MySQL Bugs: #11217: Mysqld not connected to cluster error message missleading (4009)

Bug #11217	Mysqld not connected to cluster error message missleading (4009)
Submitted:	9 Jun 2005 18:42	Modified:	23 Oct 2008 4:24
Reporter:	Jonathan Miller	Email Updates:
Status:	Closed	Impact on me:	None
Category:	MySQL Cluster: Cluster (NDB) storage engine	Severity:	S3 (Non-critical)
Version:	4.1	OS:	Linux (Linux)
Assigned to:	Martin Skold	CPU Architecture:	Any

Description:
Having just restarted the cluster leaving the mysqld process up during, I wanted to see what type of error message I would get if I tried to create a tables using NDB engine.

The error message inside the mysql client was:
mysql> create table t1 (c1 int, PRIMARY KEY(c1))ENGINE=NDB;
ERROR 1005 (HY000): Can't create table './test/t1.frm' (errno: 4009)

Not bad, but being a good MySQLer I wanted to know what a 4009 was:

./perror --ndb 4009
OS error code 4009:  Cluster Failure: Unknown result: Unknown result error

This error message is not what I would expect. I would expect an error stating that there was no connection to the NDBCLUSTER or send to NDB failed.

This would leave me to believe that my cluster had failed, but that is not the case.
Once the mysqld process is restarted all is fine.

How to repeat:
Restarted the cluster leaving the mysqld process up during.
Login into the one of the mysqld processes.
create table t1 (c1 int, PRIMARY KEY(c1))ENGINE=NDB;
bin/perror --ndb 4009

Suggested fix:
an error stating that there was no connection to the NDBCLUSTER or send to NDB failed.

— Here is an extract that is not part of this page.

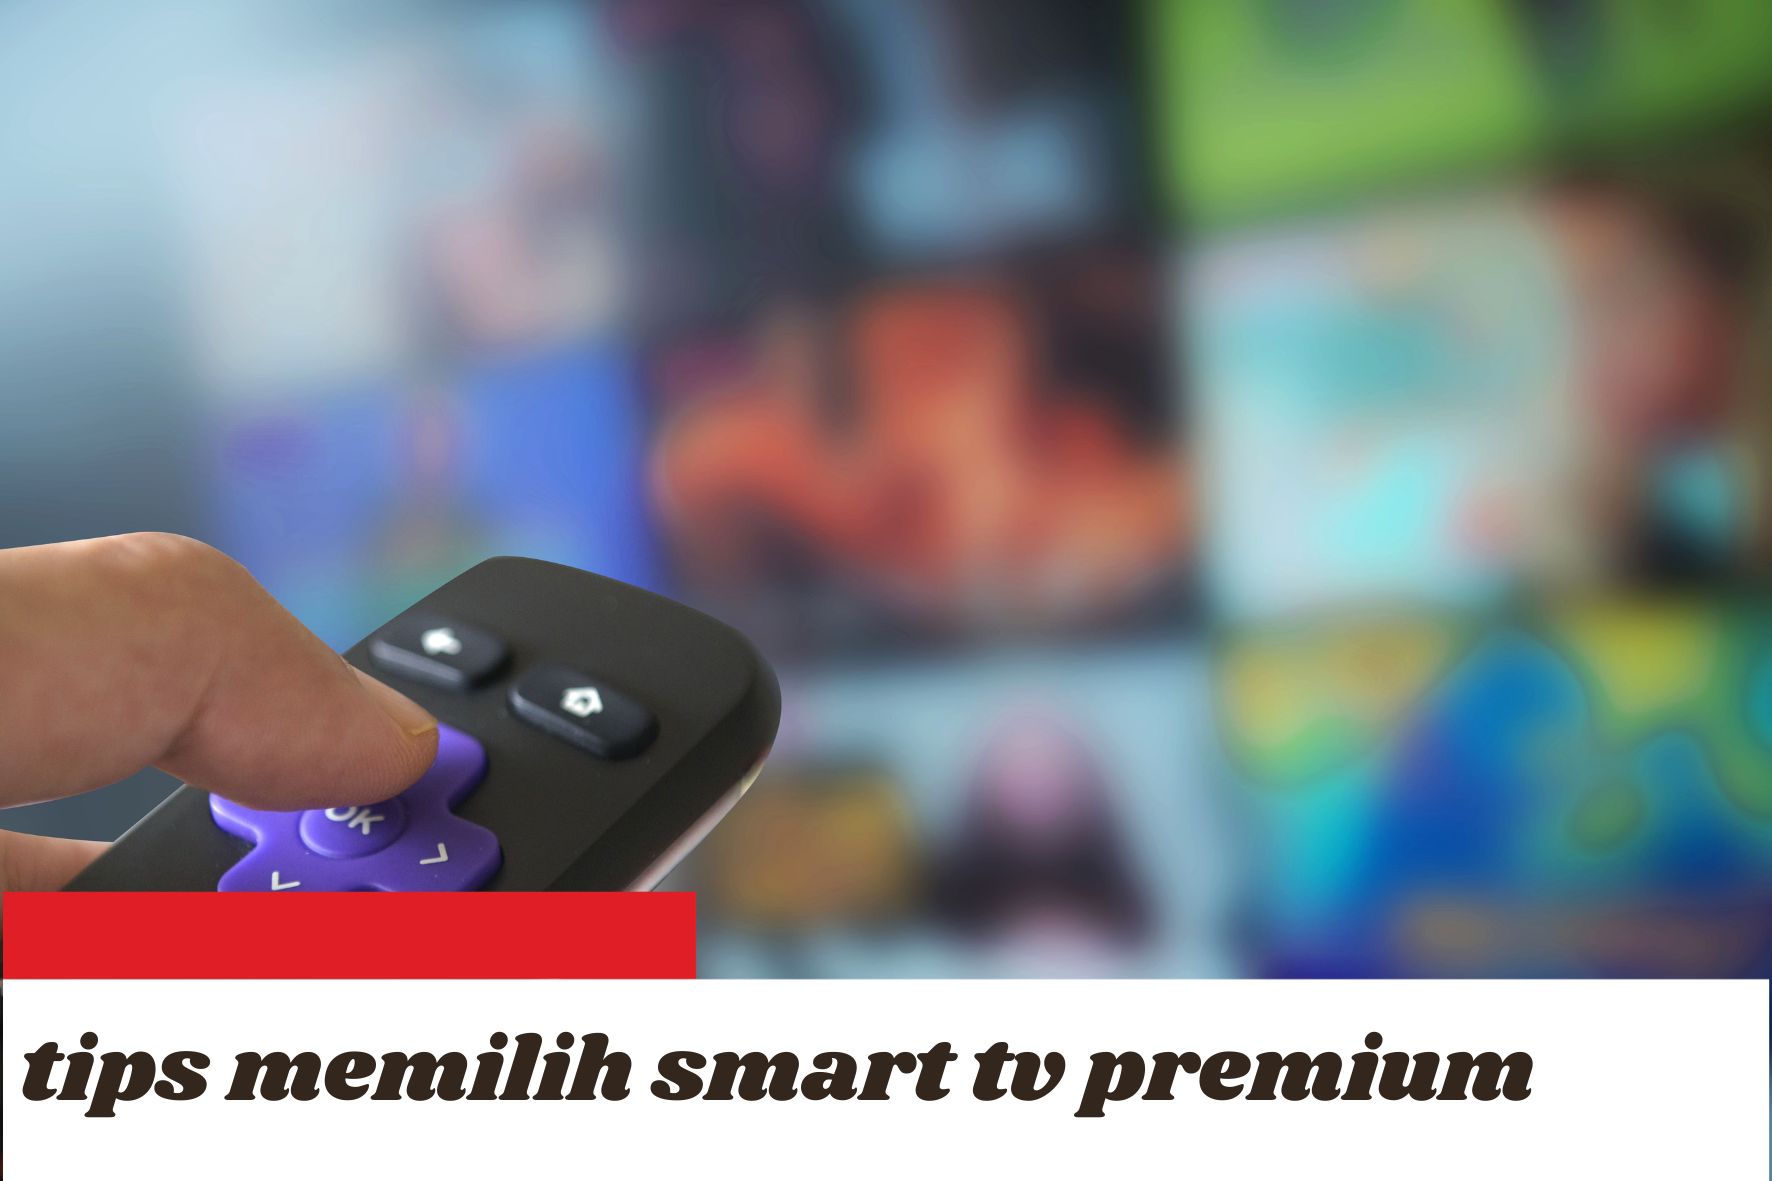 Tips Memilih Smart TV Kualitas Premium Harga Terjangkau, Jangan Asal Beli!
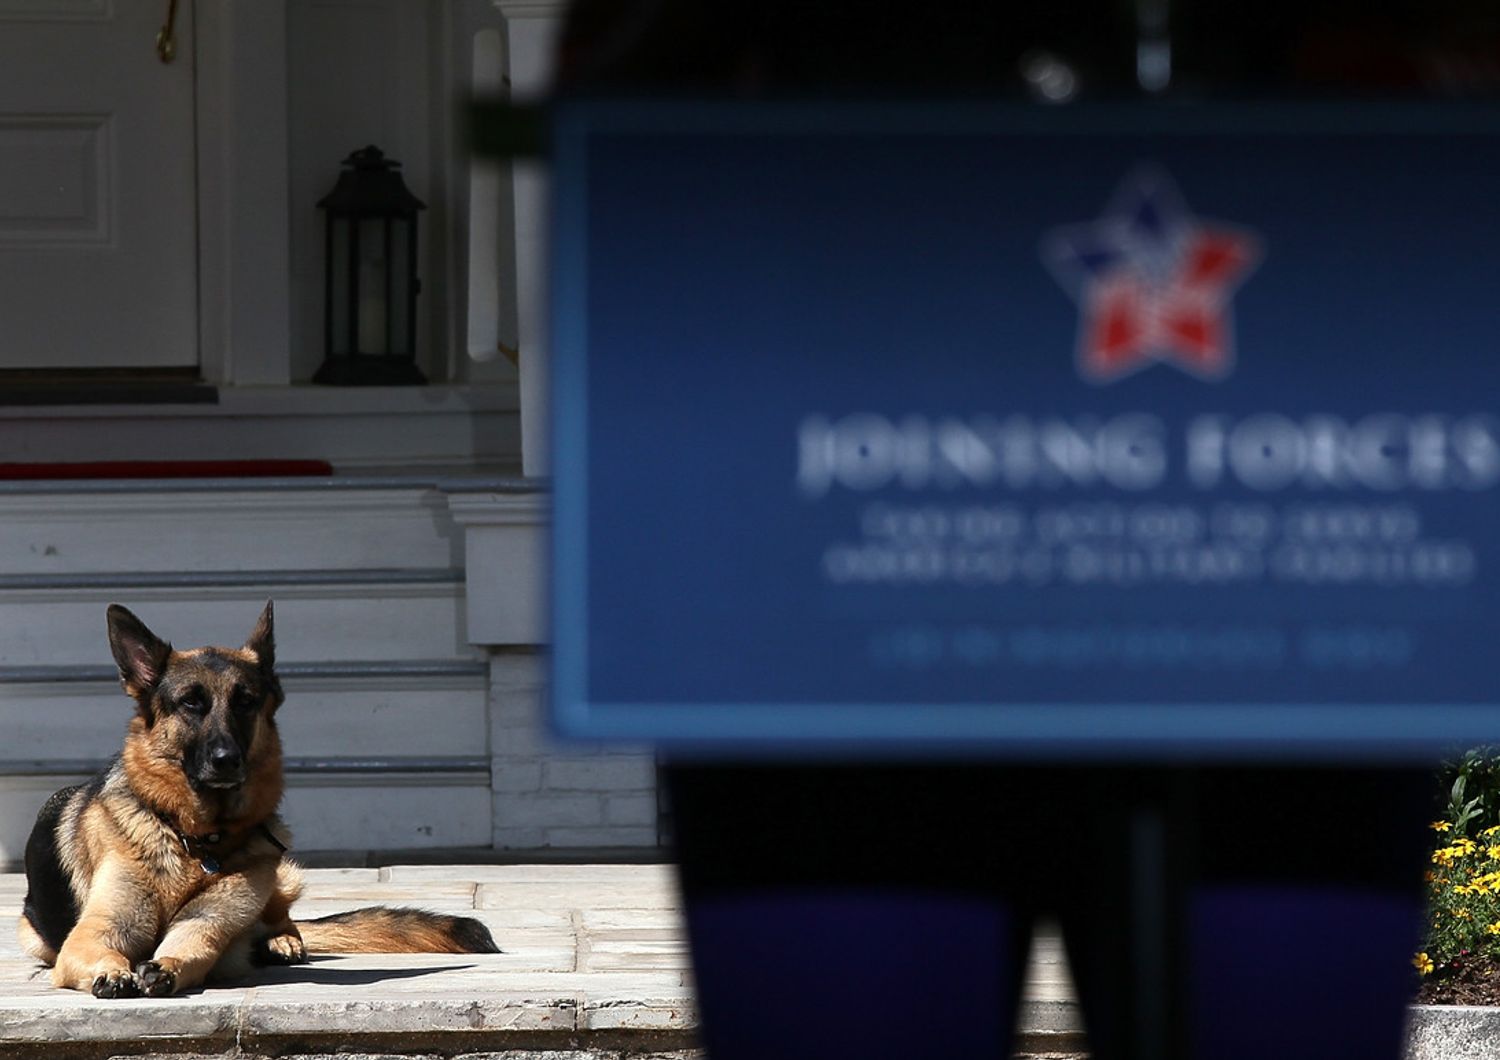 Champ, uno dei due cani di Joe Biden, fotografato alla Casa Bianca ai tempi della presidenza Obama

assigning to martin for him to decide what to do about it

Using only the NDB API there is no way of determining the cause of
no reply from cluster. If it is being restarted, the management server (ndb_mgmd)
knows about it, so using the management client interface (already linked into
mysqld togeteher with NDB API), one could check with the management server
if a restart is in progress and return a different error code in that case.

I'm wondering: Can't the message returned by perror be a liilte more descriptive? It could at least give a hint that there is something wrong with the communication between the SQL node and the cluster.

now reports: ERROR 157 (HY000): Could not connect to storage engine
not sure whether there already was a changelog entry for this so
setting to "Documenting" for now ...

Any idea when the change took place?

Fixed in
Bug #18676 Missleading error message when trying to create table when cluster is down
Pushed into 5.1.19-beta

Tagged Bug#18676 changelog entry to indicate that fix resolved this bug also.

(According to developer notes for that bug, user-facing change took place in 5.0.40/5.1.18 - even though further internal changes were made in 5.1.41/5.1.19, the changelog entry is tagged for the releases where the user-visible fix took place.)